Música y necrofilia

Víctor Pliego | Catedrático del Real Conservatorio Superior de Música de Madrid

Los melómanos son devoradores de cadáveres. El repertorio principal de la música clásica está formado por obras de siglos pasados, de compositores muertos. La necrofilia musical es un fenómeno relativamente moderno que además sintoniza con la denominación de unas instituciones educativas: los conservatorios.

El amor por la taxidermia convive con la renovación vivificadora, especialmente visible en los teatros de ópera que ponen todo su empeño en modernizar el género a través de puestas en escena muy llamativas. Pretenden extraer la sustancia emocional de los títulos consagrados, reemplazando contextos, situaciones y acotaciones por aportaciones propias, para sintonizar con la sensibilidad del público actual. En realidad, subestiman la capacidad de los espectadores y tratan de justificar desestructuraciones, interpolaciones y palimpsestos, más propios de una producción experimental y completamente nueva: de un estreno.

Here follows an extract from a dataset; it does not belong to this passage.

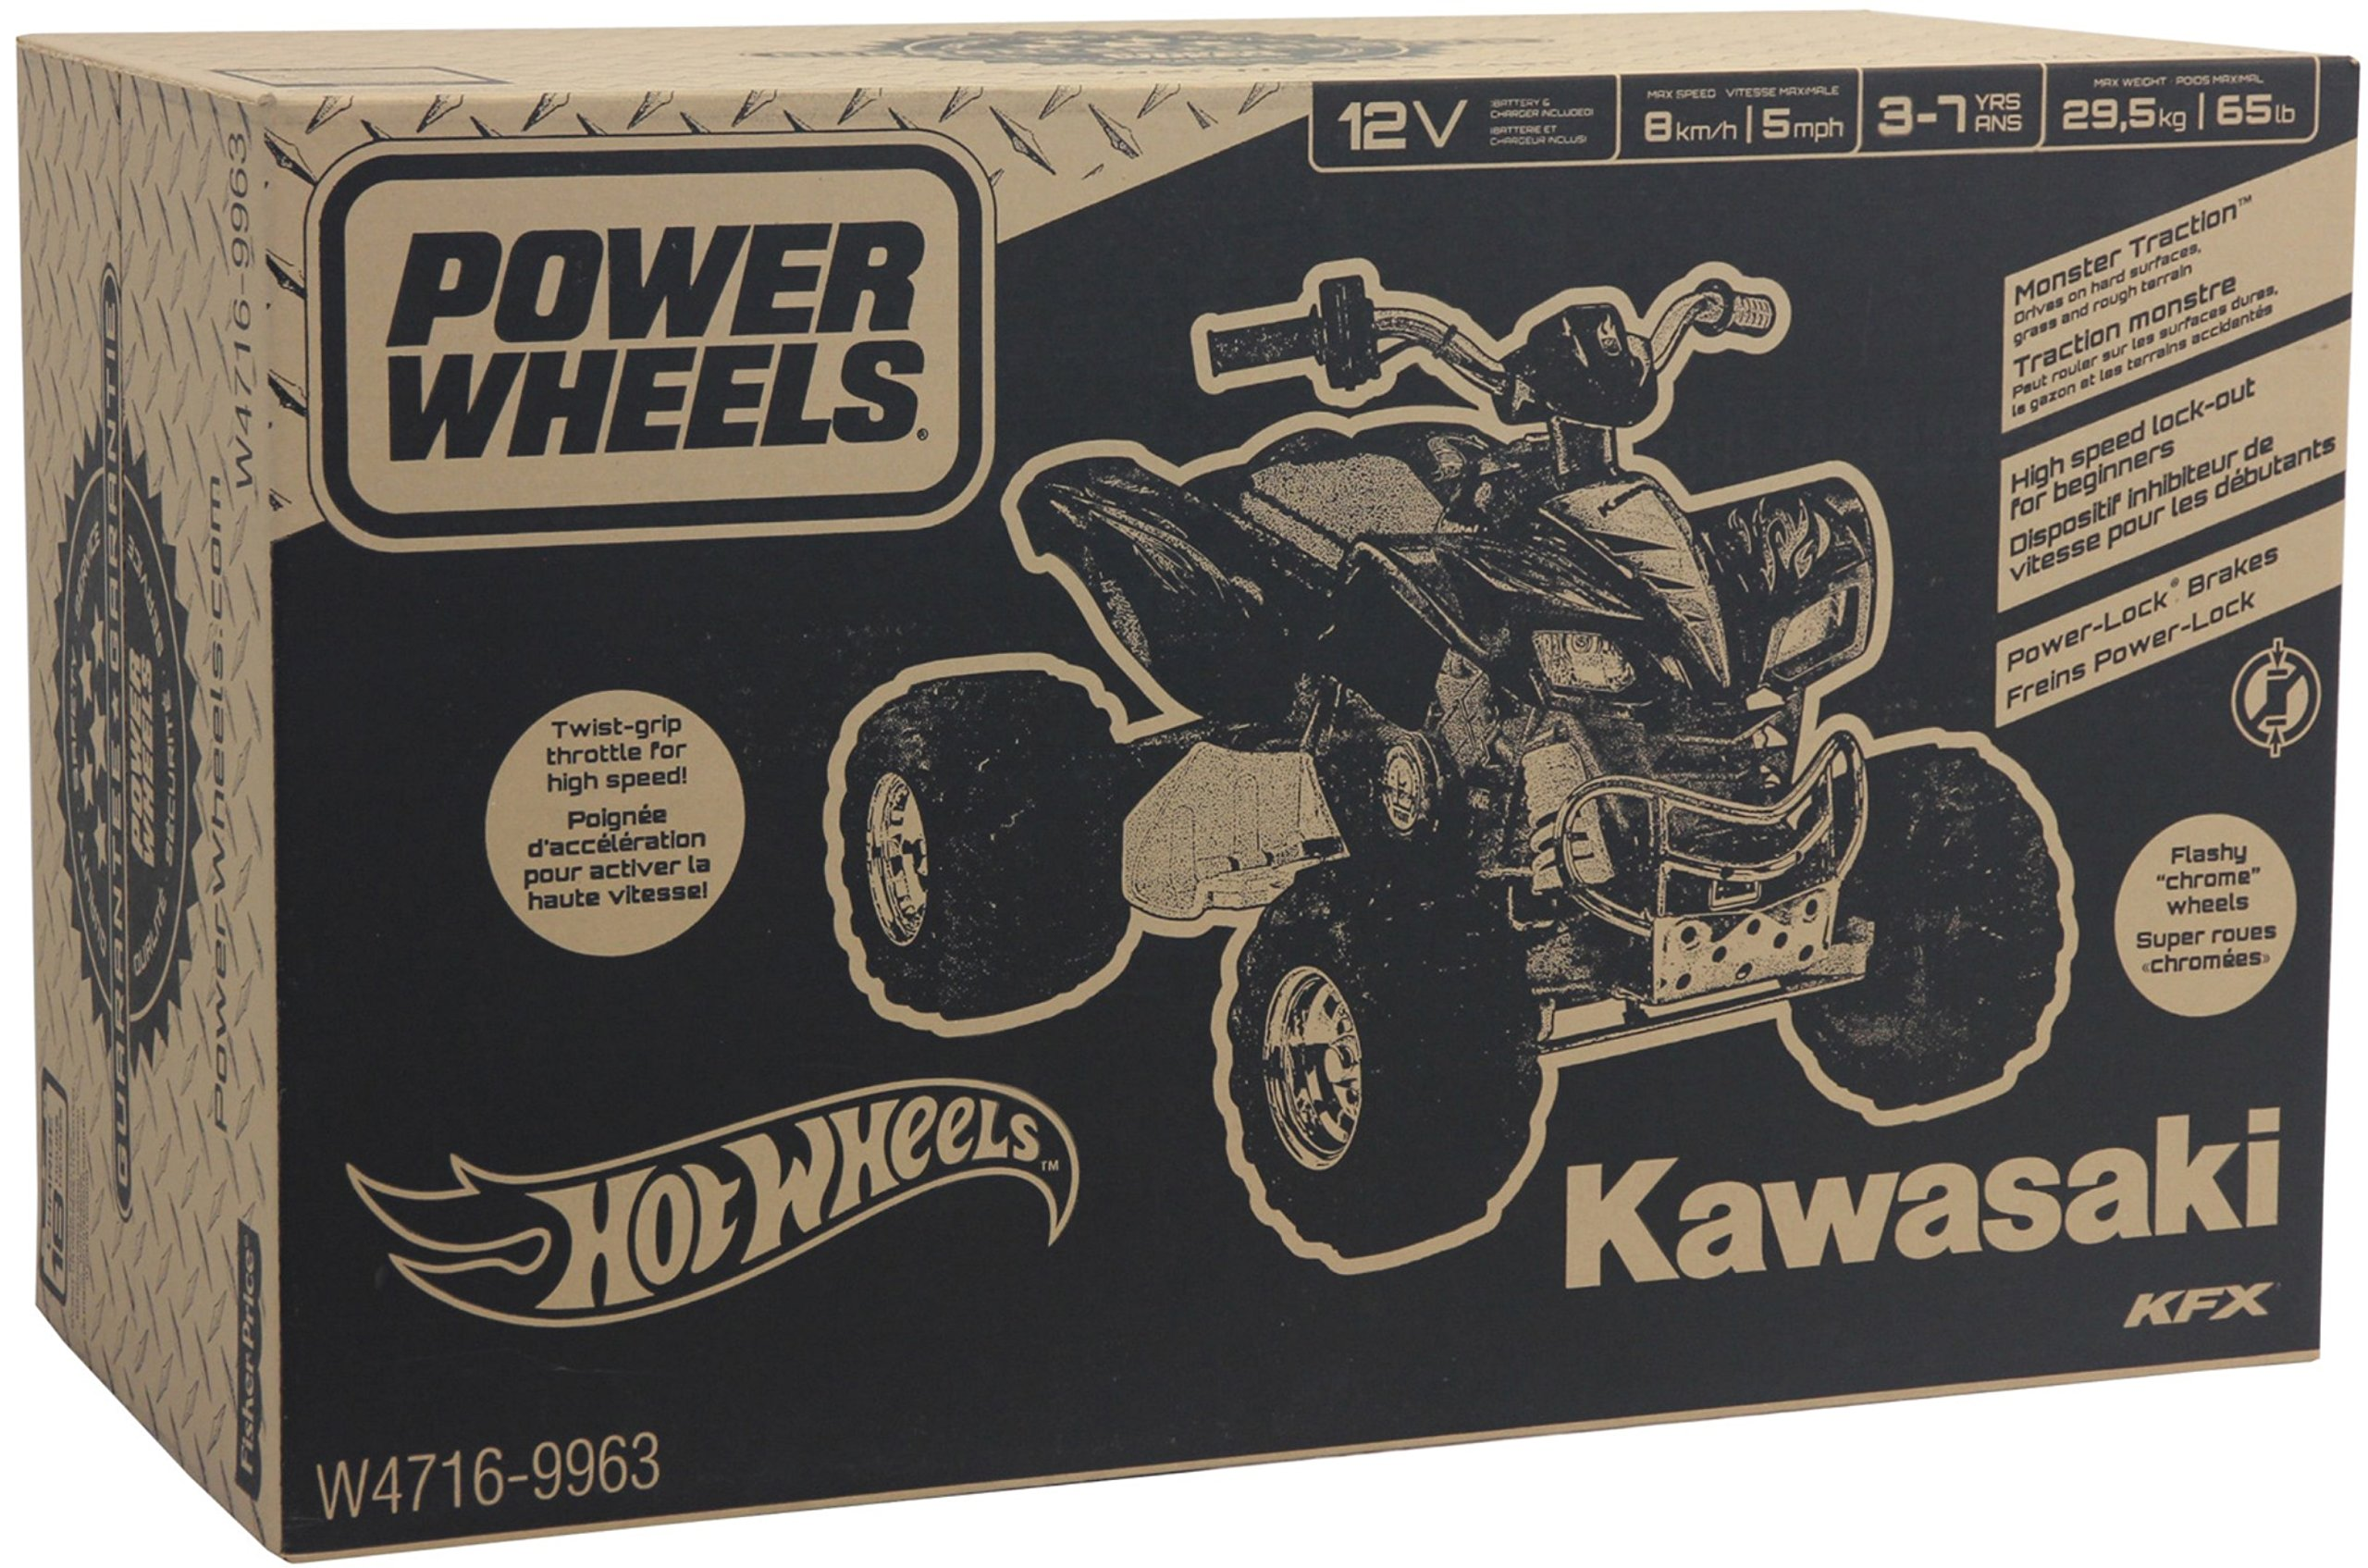 Power Wheels Hot Wheels Kawasaki KFX by Fisher-Price (Image #10)

Pero el aprovechamiento del valioso patrimonio operístico es irresistible para muchos directores de escena por todo lo que significa de resonancia, de recursos, de poder y de prestigio. El patrimonio inmaterial se deja manipular fácilmente, mucho más que el de naturaleza física. Sin llegar a los extremos de la lírica, la interpretación musical clásica se ha ido adaptando natural e inconscientemente a los cambios y a las modas de cada momento. Esta evolución ha cobrado fuerza con las versiones históricas que aportan una coherencia y una fuerza perfectamente compatibles con la fantasía y la diversidad. Solo hace falta sacar las orejas a pasear por conciertos y grabaciones (con la perspectiva de todo un siglo) para descubrir que lo histórico es muy actual y que no tiene nada que ver con momias acartonadas.

Tal vez la formación de los intérpretes podría abordar estas discusiones, especialmente en los conservatorios superiores. La creación no muy remota de departamentos de música antigua ha sido un gran aliciente. Cabe preguntarse qué presencia hay en la enseñanza musical de estos apasionantes debates interpretativos y qué reflexiones se hacen en las aulas a la hora de poner en pie la música de cualquier tiempo, incluido el presente.